Андрей присел на лавку, согретую попом, и некоторое время смотрел на понуро молчавшего Довбню. Сейчас, после разговора с учительницей, он смотрел на него иными глазами: с любопытством и невольным уважением. Не так уж прост, как показался вначале.

Стол дрогнул от короткого удара кулаком.

— Гад, — тихо, с раздувшимися ноздрями произнес Довбня. — Насквозь я их вижу. Гадючье семя. Один такой меня и выдал полицаям во время облавы. Я сдуру приюта попросил, вот такие и благословили на дорогу, а за углом меня взяли. Совестливый народ, холера им в бок, униаты бисовы. Все они из петлюровских гнезд, и митрополит Стецько, и другие, бывшее офицерье в сутанах. И кто их всех, самостийников, только, не прикармливал — и паны, и пилсудчики, и австрияки, и фашисты, только бы закатоличить народ, дать дорогу иноземцу и свое вернуть — вот и вся политика!

Довбня нервно зашагал из угла в угол с набрякшим ненавистным лицом, половицы ухали под его тяжелым шагом.

— И завсегда рука об руку с бандюгами этими, не разлей вода… На немецких харчах за самостийность дрались.

— А этот зачем приезжал? — вставил Андрей, чтобы как-то успокоить Довбню.

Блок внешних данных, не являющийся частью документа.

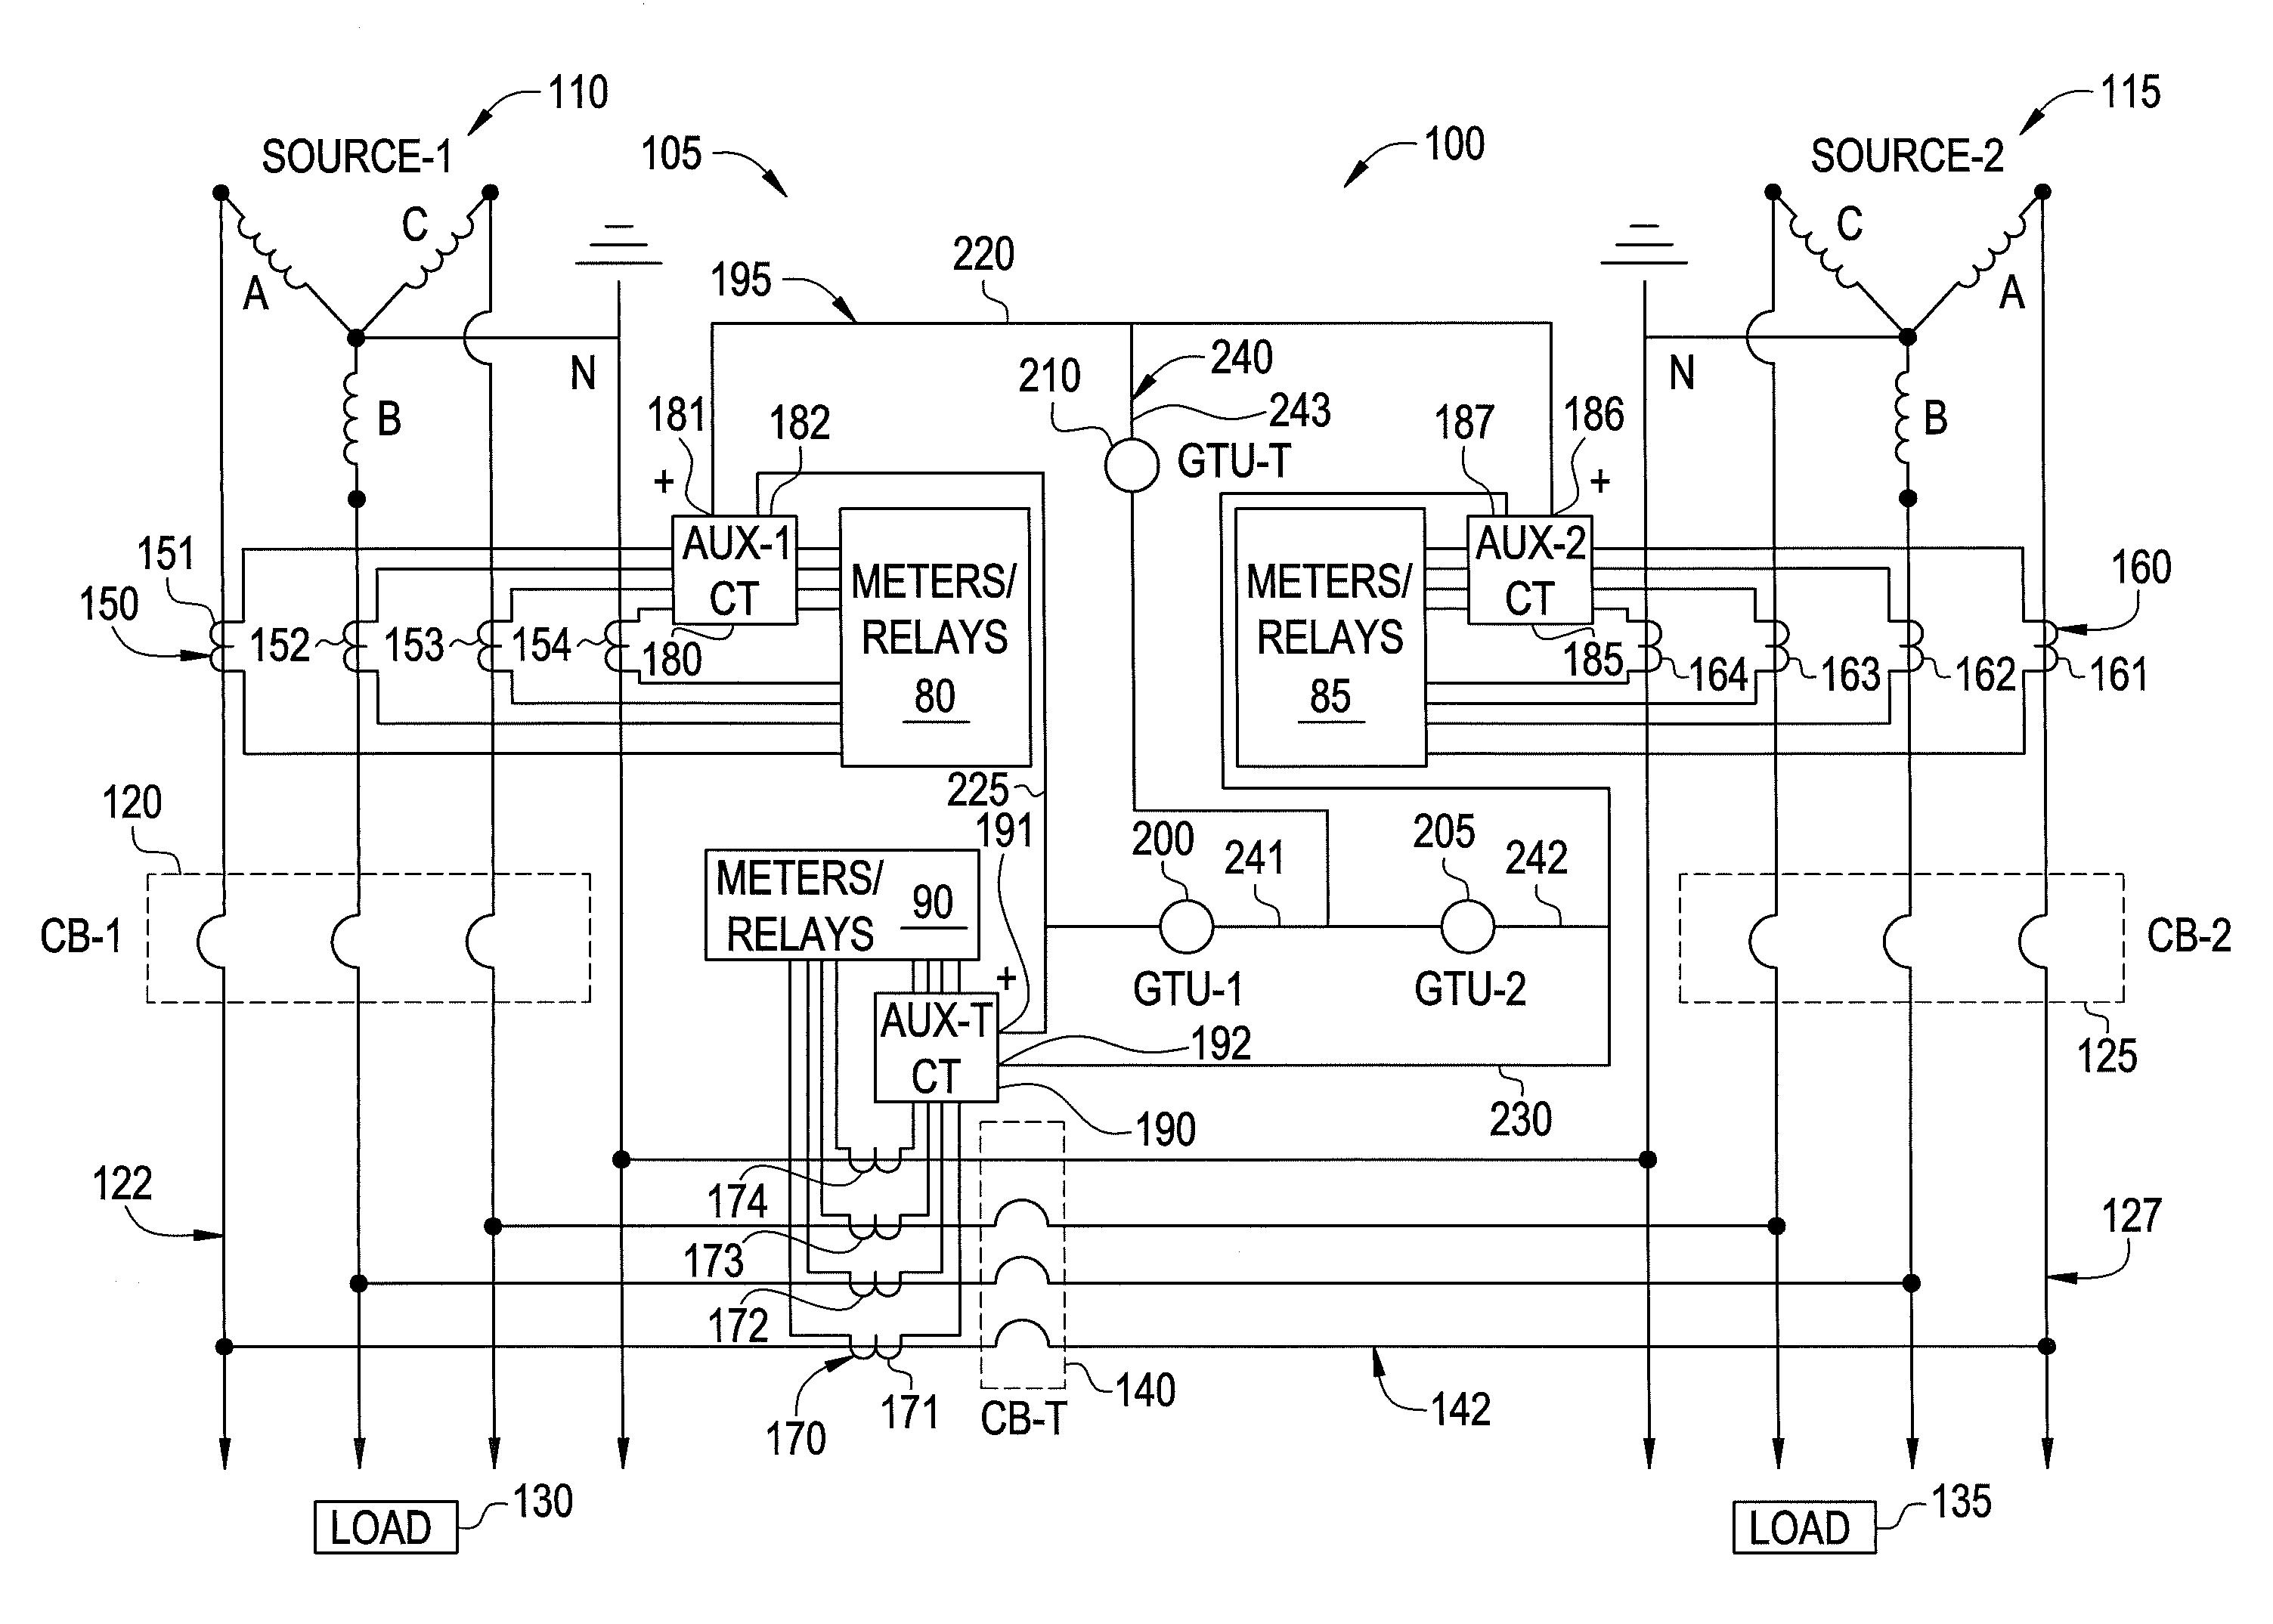 Ground Fault Circuit Interrupter Wiring Diagram

— А за тем же! Церкву, мол, надо открыть, народ письма пишет. Ишь как они за народ запеклювались. Заботы спать не дают. Вот! — Он рывком открыл ящик стола, расшнуровав папку, вытащил пожелтевший газетный листок. — Шептицкий, патриарх ихний. Послушай божий инструктаж, в сорок первом написано…

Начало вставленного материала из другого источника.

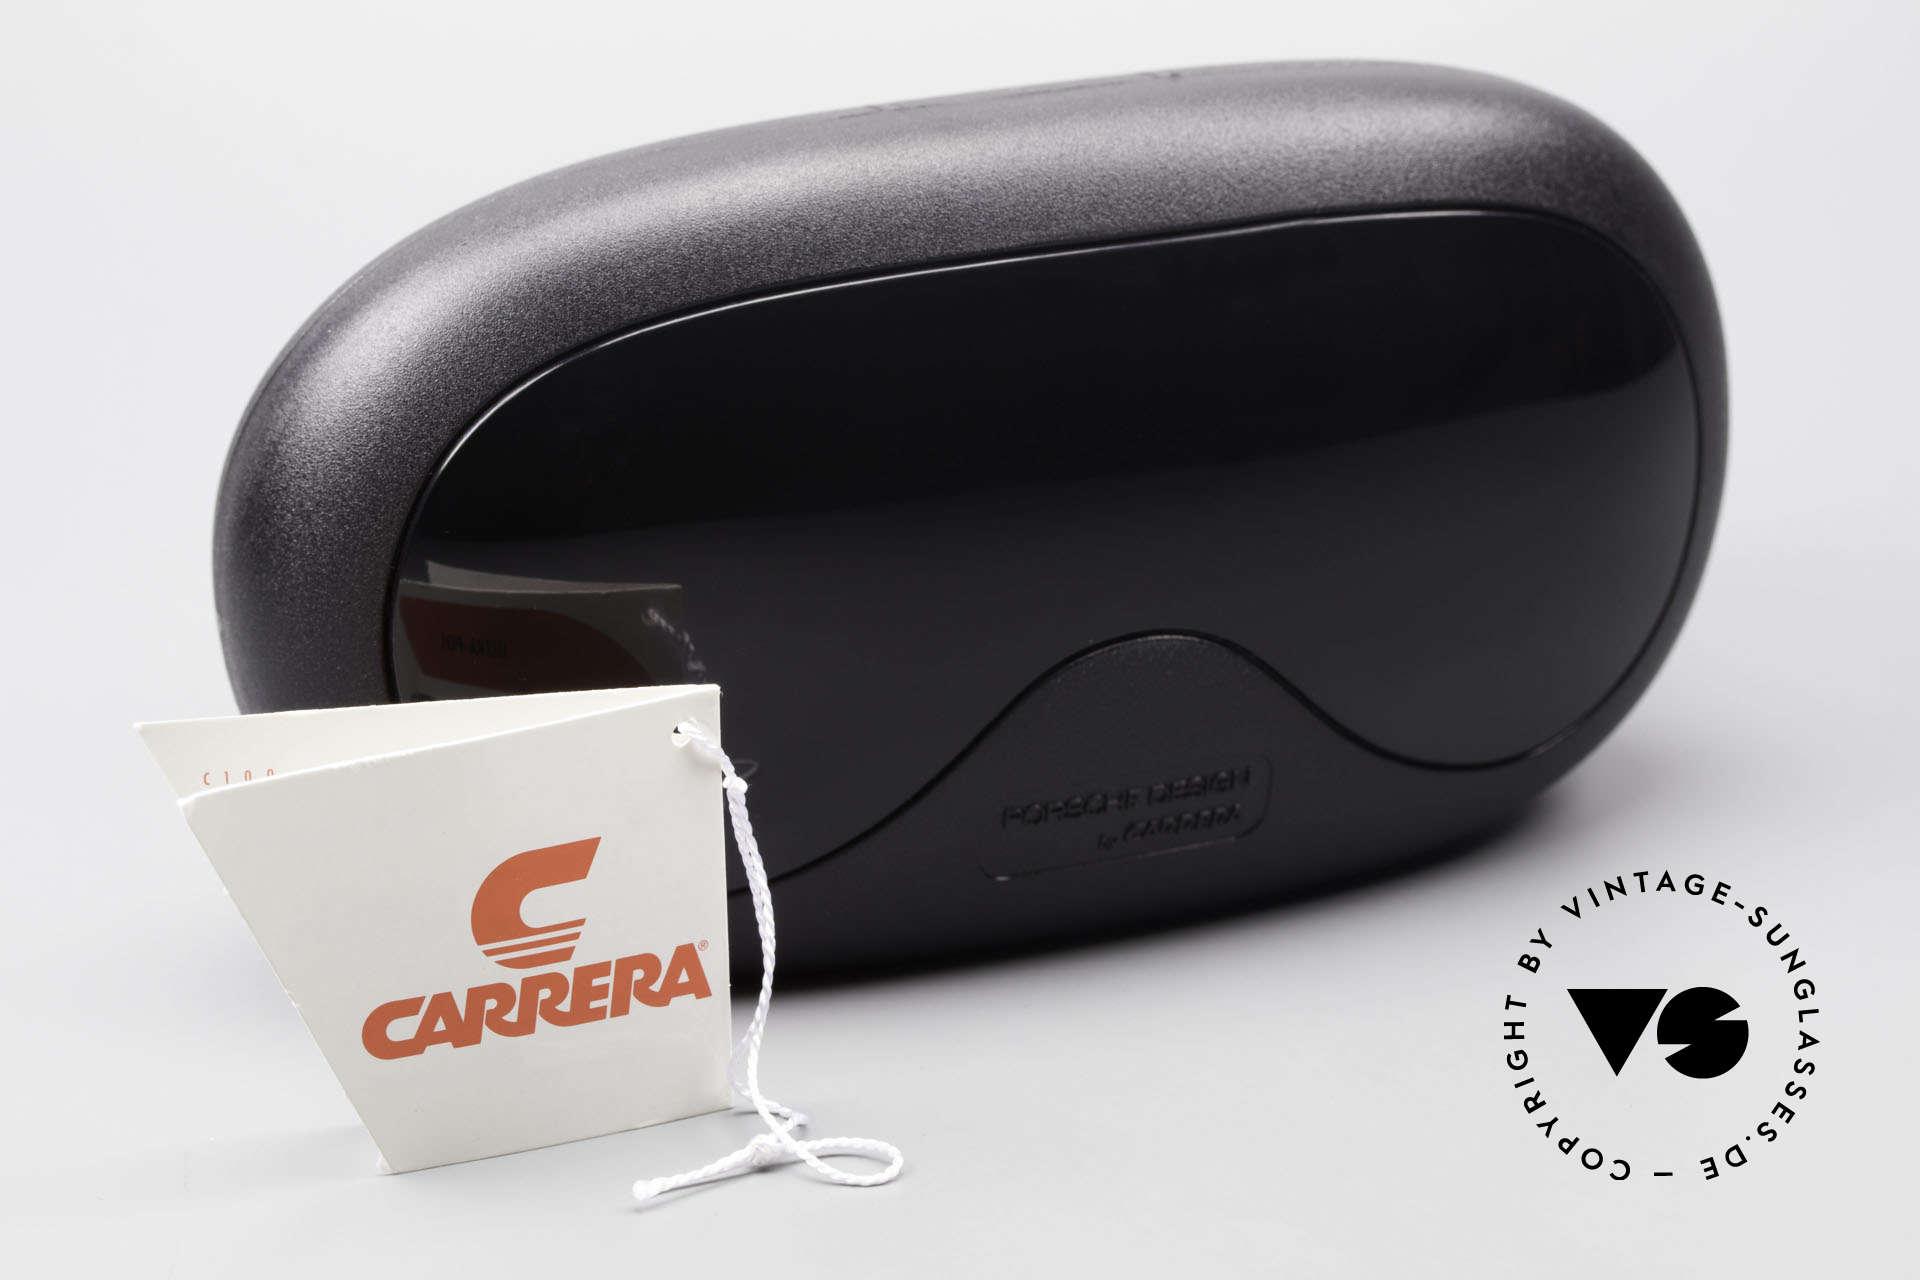 Carrera 5512 Miami Vice Shades Don Johnson, Size: large, Made for Men

«Обратить внимание на людей, которые охотно служили большевикам… духовный пастырь должен занять коллективное хозяйство… иметь наготове знамя немецкой армии с вышитой свастикой на белом фоне…» Обратили внимание, как же! Мужиков, кто их освободительные акции не поддерживал, бандиты на кол сажали, в одном селе двенадцать человек, на виду у жен и детей. Это они за народ болели? А пока людей стреляли, Шептицкий уже свиданку американскому агенту назначал, унюхал, чем Сталинград пахнет. А бандеровцы стали выкрадать из гестапо списки агентов для ФБР. Только бы удержаться да посадить на шею нам новых хозяев. Тоже ради народа?

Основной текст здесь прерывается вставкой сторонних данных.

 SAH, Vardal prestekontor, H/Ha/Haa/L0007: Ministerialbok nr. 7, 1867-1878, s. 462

Довбня остановился у окна, оперся о косяк, прерывисто дыша.

— Национализм — ширма, — жестко подвел итог. — Есть борьба за свои панские привилегии, за доступ к державному корыту! — Он вытер огромным платком взмокшее лицо. — Они ведь как бежали отсюдова, в Европе не задержались, там их уже знали, «перемещенцами» сиганули аж в Канаду, под крыло ФБР, и там стали бесчинствовать против добрых людей, земляков своих, да грызться меж собой, обливать друг друга грязью, перед разведкой выслуживаться… Знаешь, как их канадские хохлы называли? Одним словом, как припечатали: гитлерчуки! Вот вся их суть…

Довбня протаял пальцем лед на оконце и теперь пристально вглядывался на улицу.